What the exercise asks:
Pull out of the data below the stretch of lines bounded by the one containing "Wedding Invitation Card Rustic Design" and the one containing "Gambar Mewarnai Anak Unicorn Wwwtollebildcom", both bounds included, unchanged.
___ Data supplied
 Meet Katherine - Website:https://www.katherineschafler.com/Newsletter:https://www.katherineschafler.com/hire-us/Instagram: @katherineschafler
______
___ Data supplied
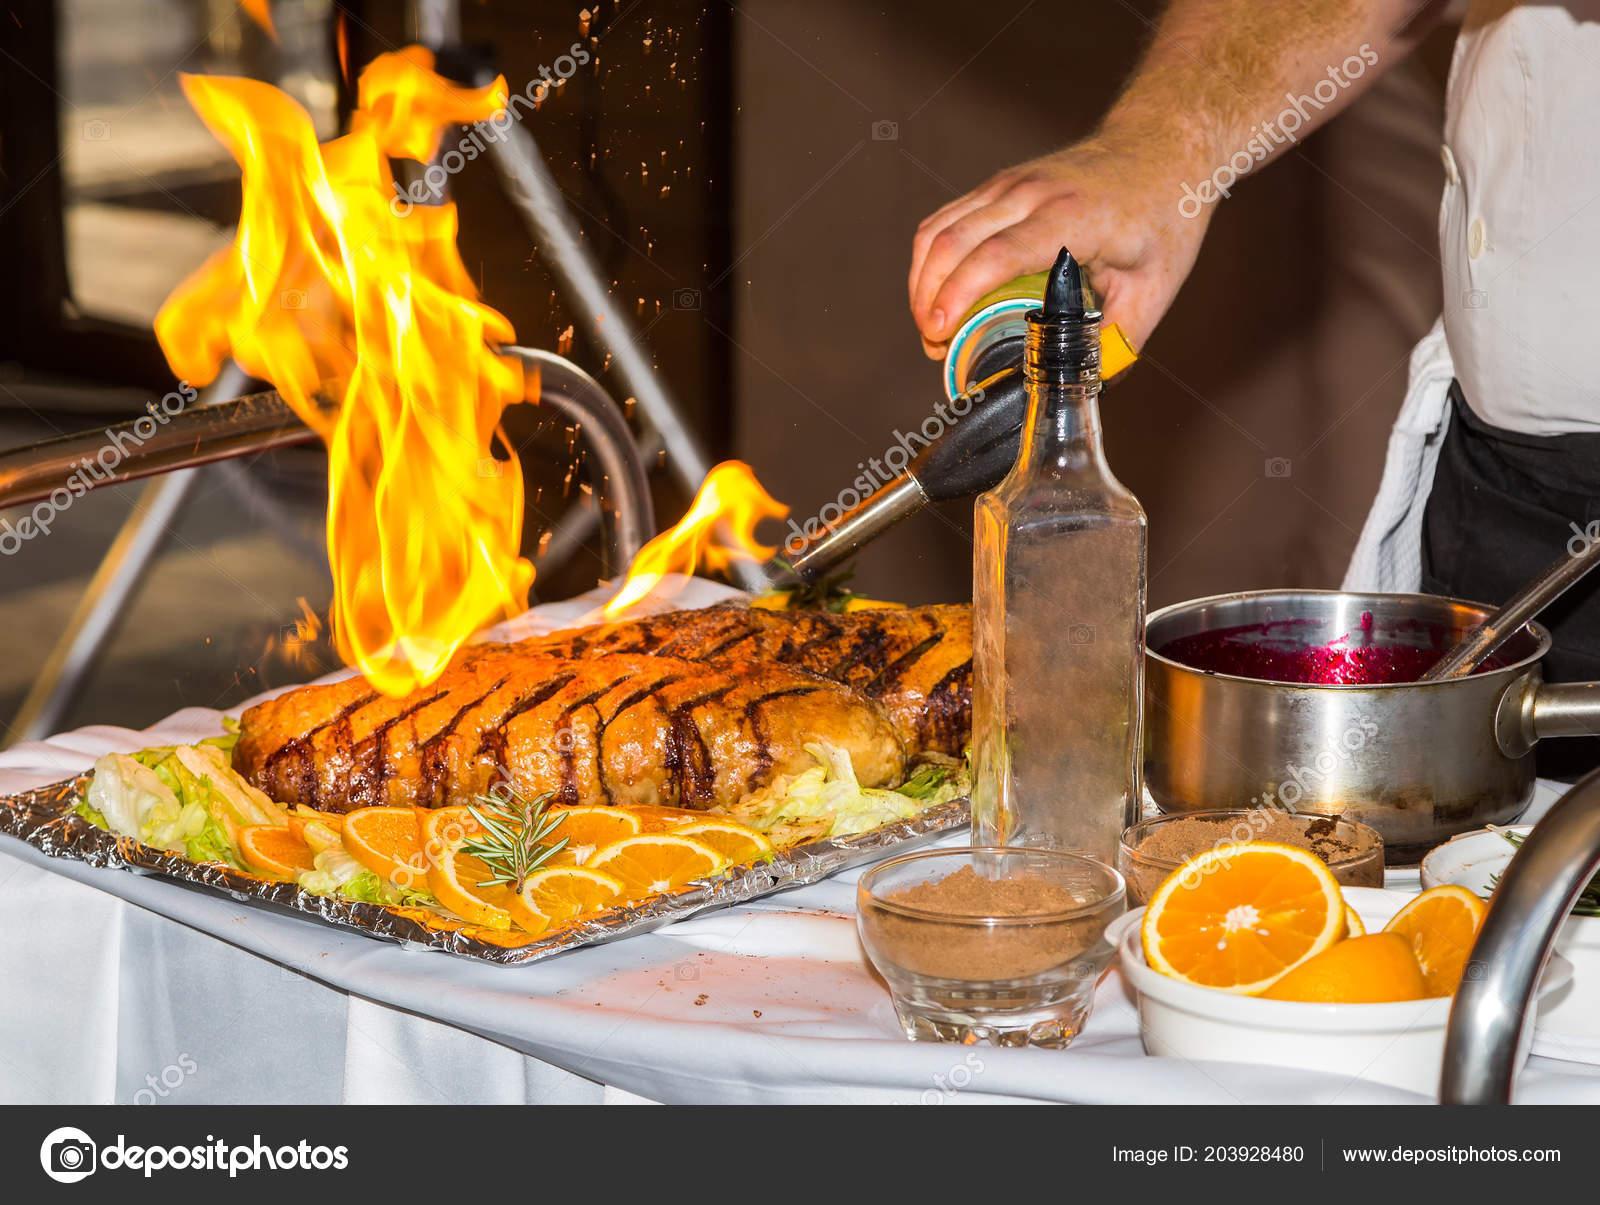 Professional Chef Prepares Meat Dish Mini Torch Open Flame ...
______
___ Data supplied
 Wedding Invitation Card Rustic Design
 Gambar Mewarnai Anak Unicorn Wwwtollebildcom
______
Solution to the problem:
 Wedding Invitation Card Rustic Design
 Gambar Mewarnai Anak Unicorn Wwwtollebildcom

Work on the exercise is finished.